The cast wear fittingly rough-cut period costume, an artfully placed mirror solves a sightline problem perfectly and, thrillingly, the action spills out into the archeological site beside us.
Dan Jones’s stupendous, ‘Delicatessen’-style lighting ratchets up the tension, and the cast create an aura of paranoia worthy of ‘Macbeth’. Nana Amoo-Gottfried is a whirlwind of fury as Othello, bearing down on Ruth Picket’s bewildered, trapped Desdemona. Conjuring the storm is Cary Crankson’s increasingly assured Iago, played as a maleficent, nastily sexed, streetwise Puck. And Richard Kiess delivers a faultless comic performance as the foppish Roderigo.

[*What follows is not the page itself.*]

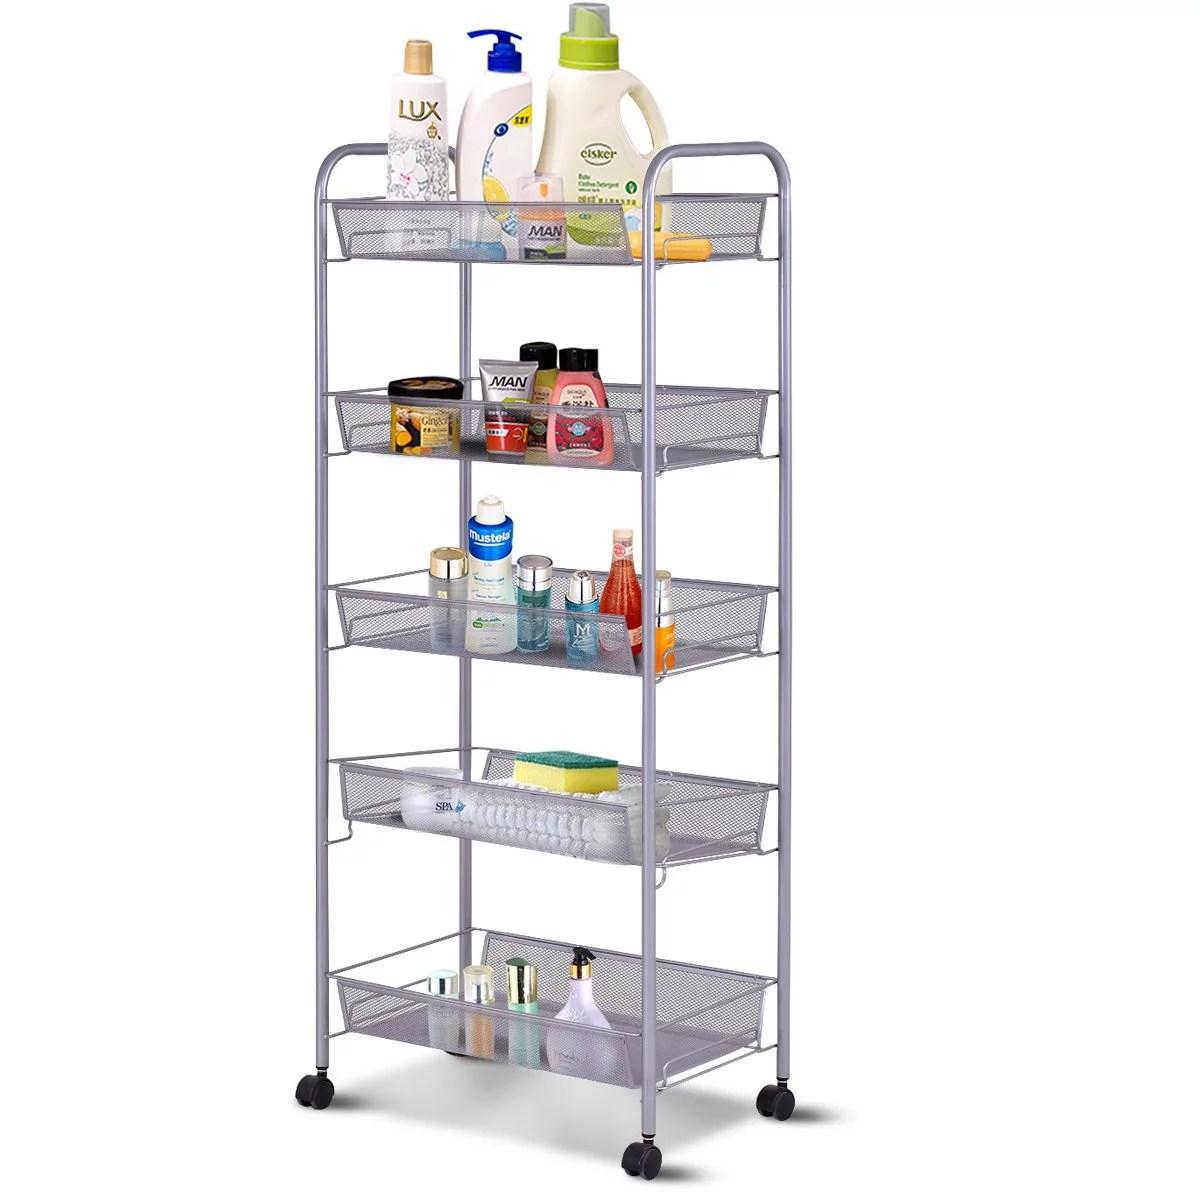 zimtown 5 tier mesh shelving rack shelf kitchen pantry storage rolling utility cart walmart com

It’s a huge shame that, in his quest to streamline the play, Das leaves out far too much of Cassio, including one crucial scene – Othello’s witnessing of the handkerchief in Cassio’s hand.
And at such close range, the jealous raging could use some modulation. But this is a bold, brilliant achievement: a compulsive ‘Othello’ of nightmarish conviction.